I've ridden a fair number of Fondos and sportives by now. I thought the support was tops, The roads other than the descent after Skyuka were fantastic. I understand Skyuka is always a bit dicey but this year the road was wet, it was half milled, their was some oil and gravel so I took it real slow, so slow that i just missed the 1:00 cut-off for the full race and wound up doing 56 miles and 6,000 feet. I never got to do the 1200 feet and 20 miles of rollers after Howard's Gap. If I was a serious cyclist I think this would be one of the best Fondos to race. It didn't have the views of Levi's though.

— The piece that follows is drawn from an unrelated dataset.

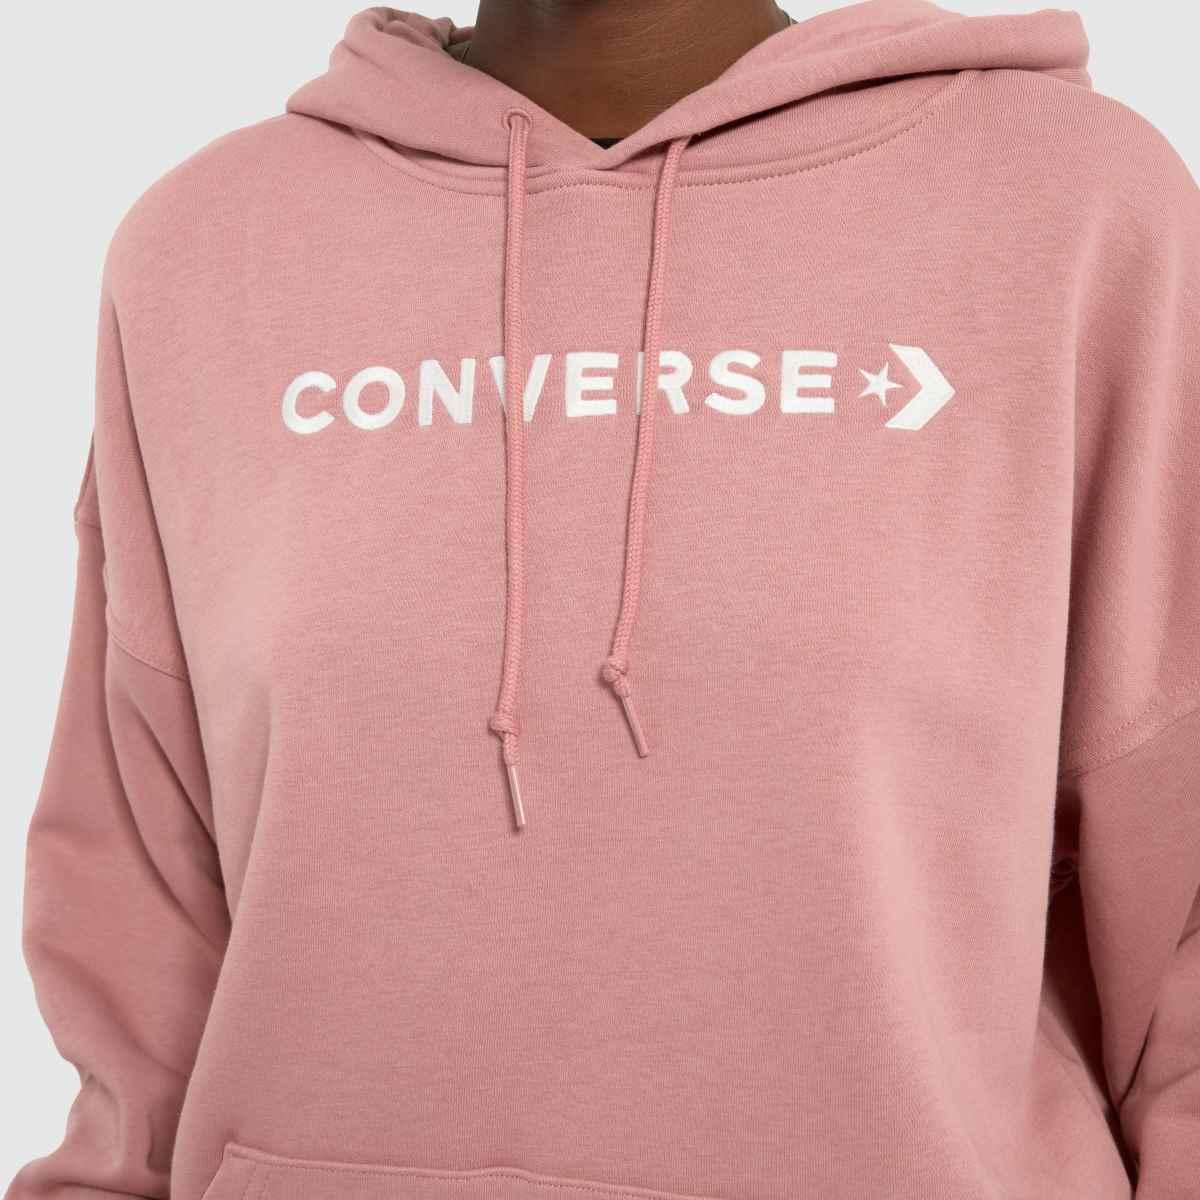 Converse Embroidered Fleece Hoodie UK Pink | Lyst In in

I wasn't all that wet. Rain was only an issue for the descent. And ironically the moment I crossed back into South Carolina the sun was out in all its glory.

I don't quite get the logic of the cutoffs. I wound up finishing at 2:15 and saw people finishing the race over 2.5 hours after I completed. I certainly had it in me to do the extra 20 miles and there was way more than enough hours of day-light.

I see what you mean about Howard's gap. That's really tough! People were paper-boying it and falling over.

My favorite Fondo is still the Marmotte for the sheer beauty, climbs, support and atmosphere. I was not able to stay in Traveler's Rest and instead stayed by the Haywood mall in Greenville and I was not crazy about it.


----------